Mustafa Uslu ist ein Neuling beim Kolpingtheater. Er hatte sich 2011 das Stück „Zwischen Sein und Zeit“ zum Meßkircher Stadtjubiläum angeschaut. Die Aufführung habe ihn begeistert, erzählt er. Als er nun in einem Zeitungsartikel vom neuen Stück las, habe er sofort den Impuls gehabt: „Da will ich mitmachen.“ Das Thema findet er in diesem Jahr sehr interessant. „Ich habe mir gleich gedacht, das passt zu mir“, erzählt er und lacht: Er wird die Rolle eines Gangsters übernehmen. Schon als Kind habe er sich an Fasnacht gerne als Mafiosi verkleidet. Zur Vorbereitung werde er sich alle Filme anschauen, die im Stück eine Rolle spielen. Er freue sich darauf, im Team etwas auf die Beine zu stellen, das den Zuschauern in Erinnerung bleibt.

Stefanie Kriner

Stefanie Kriner
Stefanie Kriner | Bild: Michelberger, Isabell

Stefanie Kriner ist Schulleiterin der Montessori-Grundschule Linzgau in Aach-Linz und das vierte Mal bei der Kolpingbühne dabei. Sie ist zusammen mit Benedikta Stärk zuständig für die Tänze, die in die Theaterstücke integriert sind. „Es ist jedes Mal alles neu“, erklärt sie, da die Stücke stets in einer anderen Zeit spielen und sich dadurch der Tanzstil und die Kostüme stark unterscheiden würden.
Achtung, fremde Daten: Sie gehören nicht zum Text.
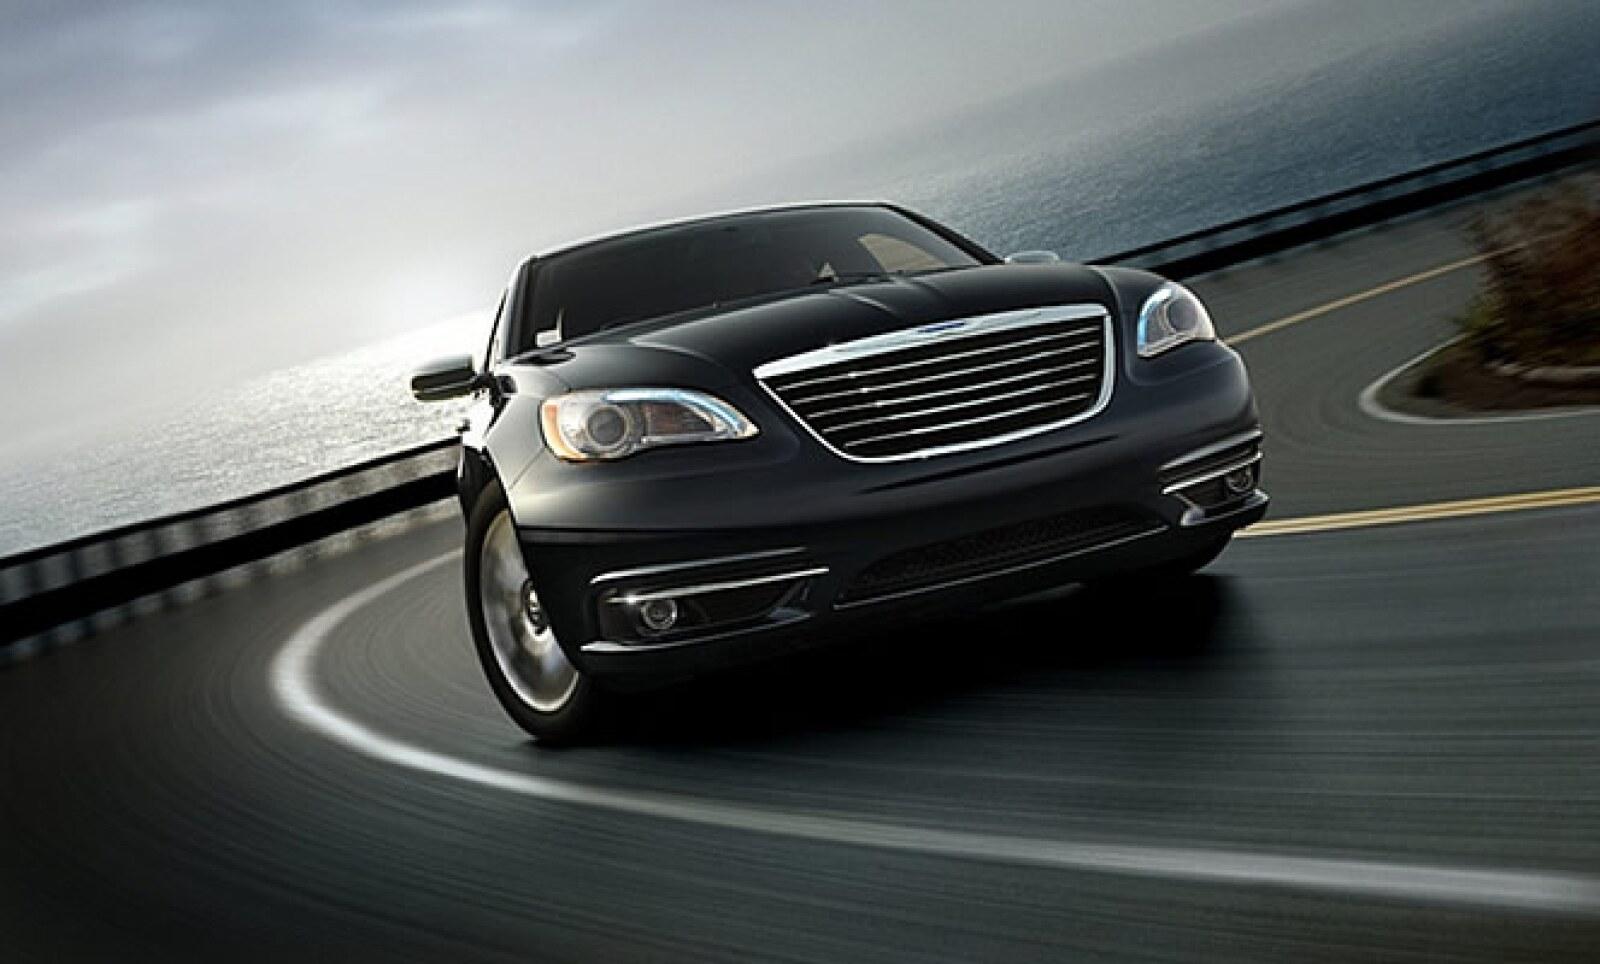 La firma automotriz presentó su nuevo modelo sedán, Chrysler 200, el sucesor del Cirrus.

Anhand der Vorgaben gelte es, Tänze zu entwerfen, die sich ideal in das Handlungsgeschehen einfügen. Der Stil und die Kostüme müssen exakt passen, damit der Ablauf authentisch bleibt. „Ich glaube, der Charleston macht allen Spaß und ist auch etwas für das Auge“, freut sich Stefanie Kriner auf die Zeit der Vorbereitung.